_THE TASK_
Find "Giant Bingo Calling Cards" in the listing below, then set down only that line and each later line, unchanged, leaving out pictures.

_COLLECTED DATA_
_____
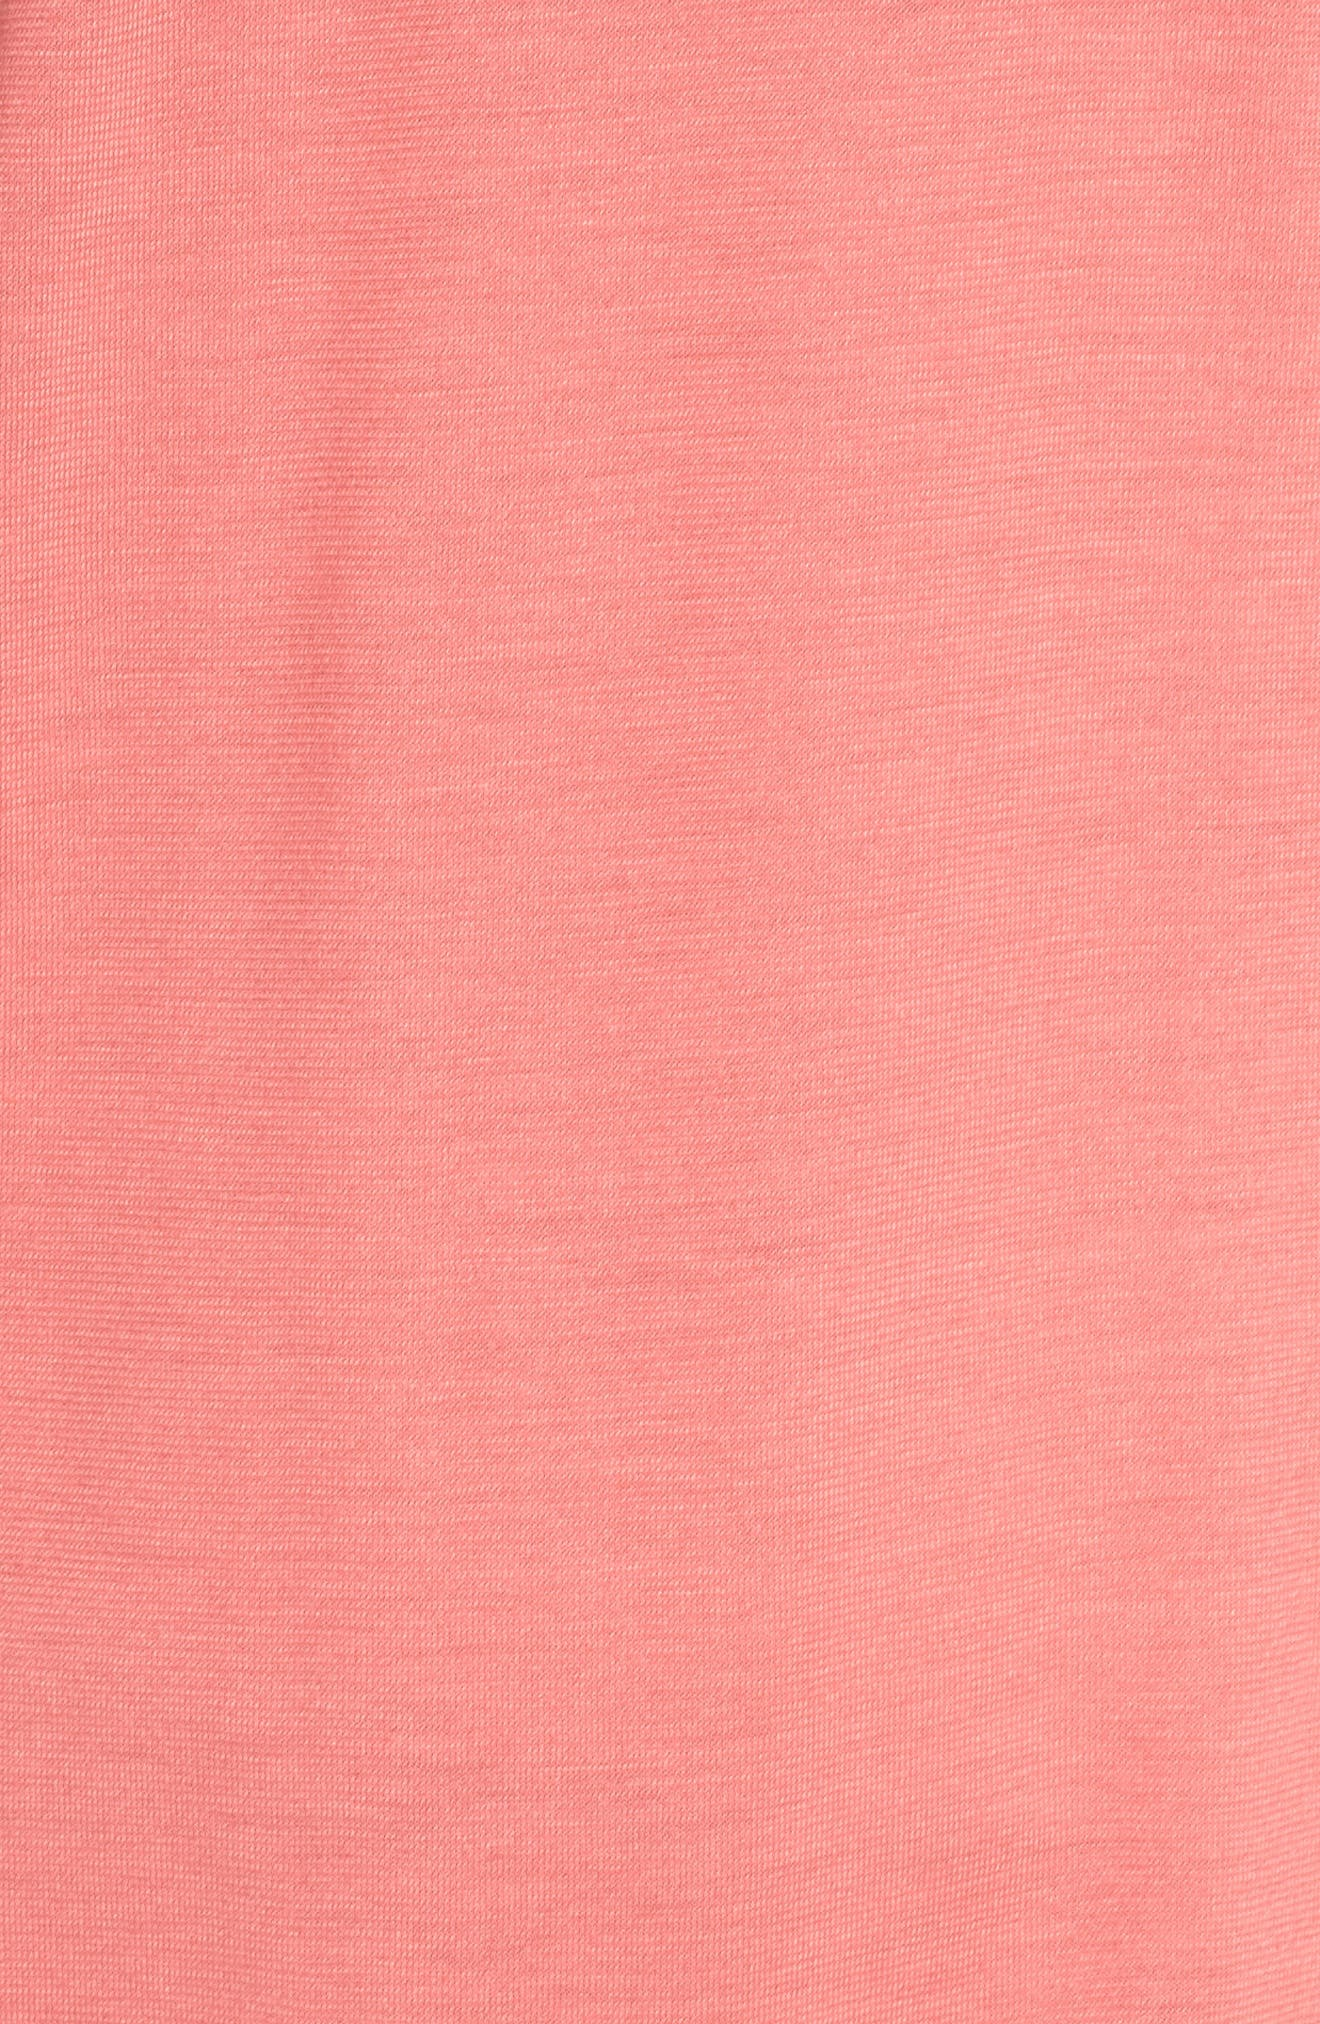 Sportswear Essential Tee,                             Alternate thumbnail 6, color,                             Sea Coral/ Sea Coral/ Black
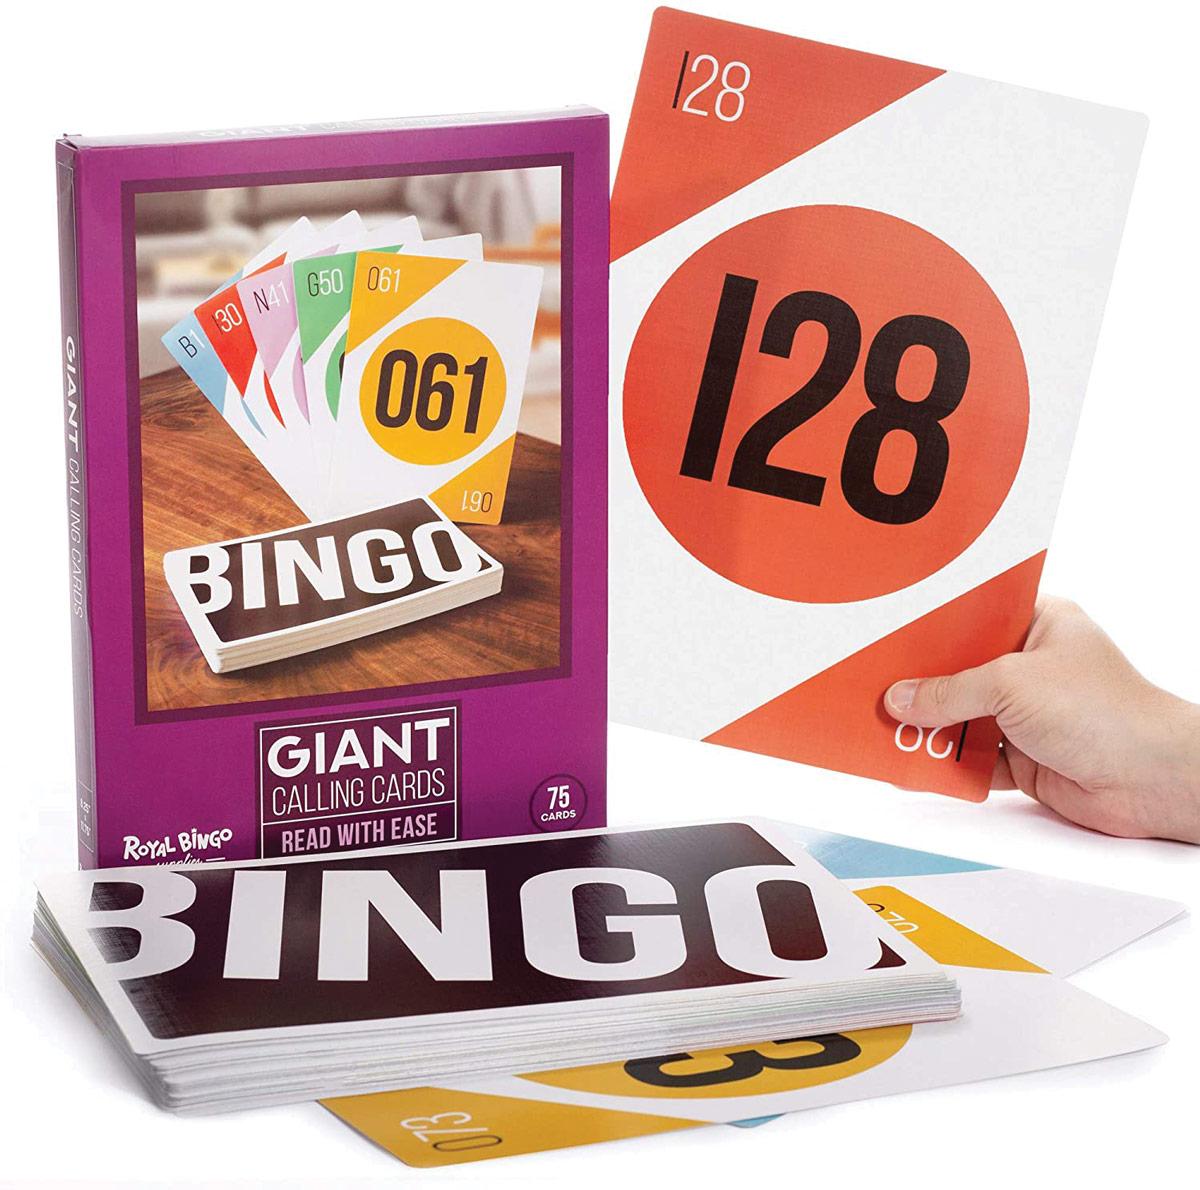 Giant Bingo Calling Cards
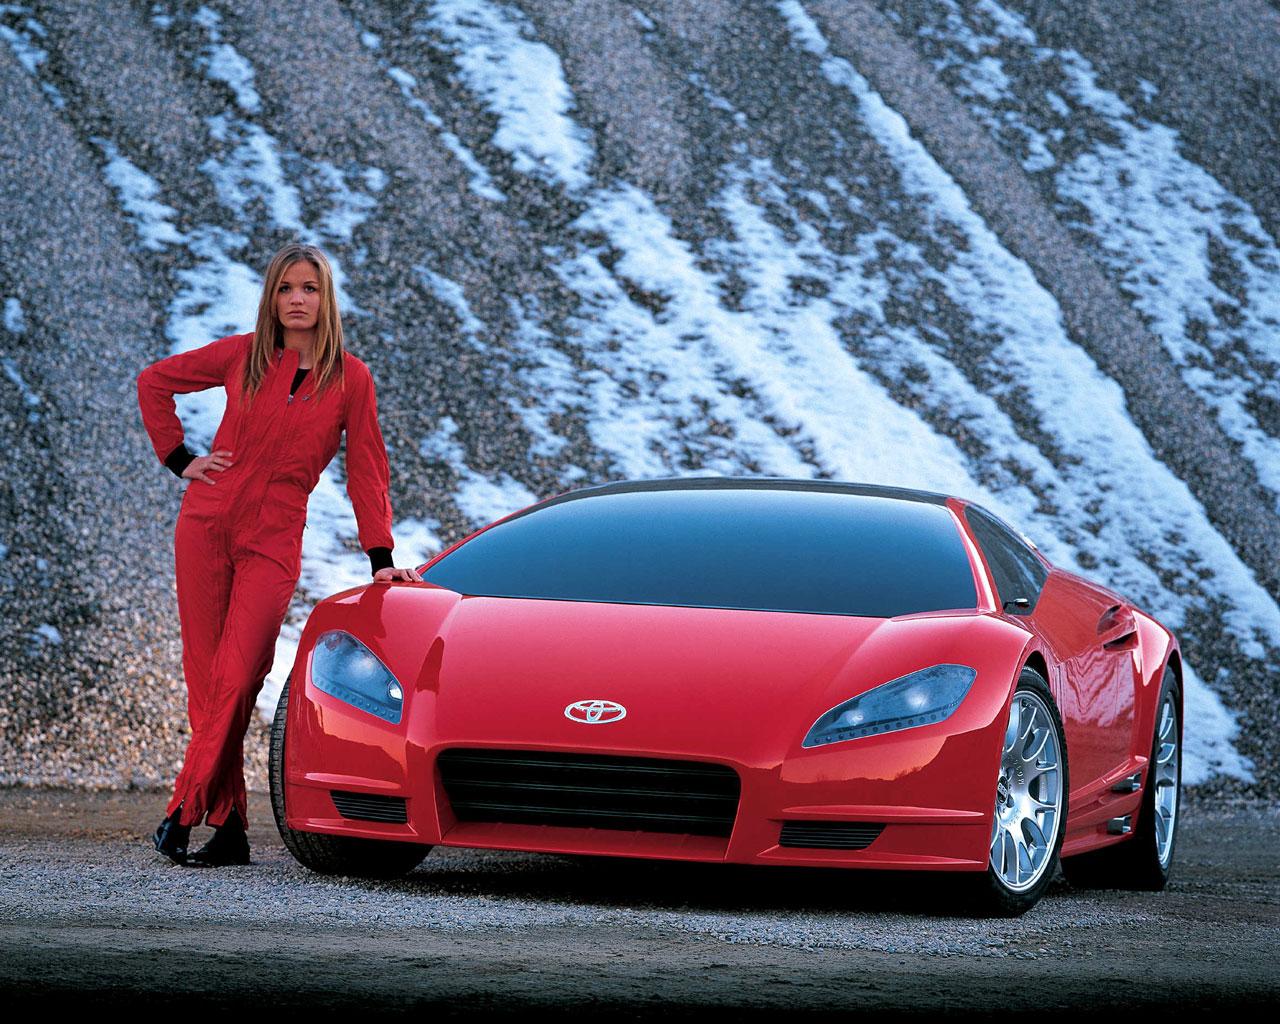 cars exotic supercars wallpaper - photo #20
_____
_RESPONSE TO THIS EXERCISE_
 Giant Bingo Calling Cards
 cars exotic supercars wallpaper - photo #20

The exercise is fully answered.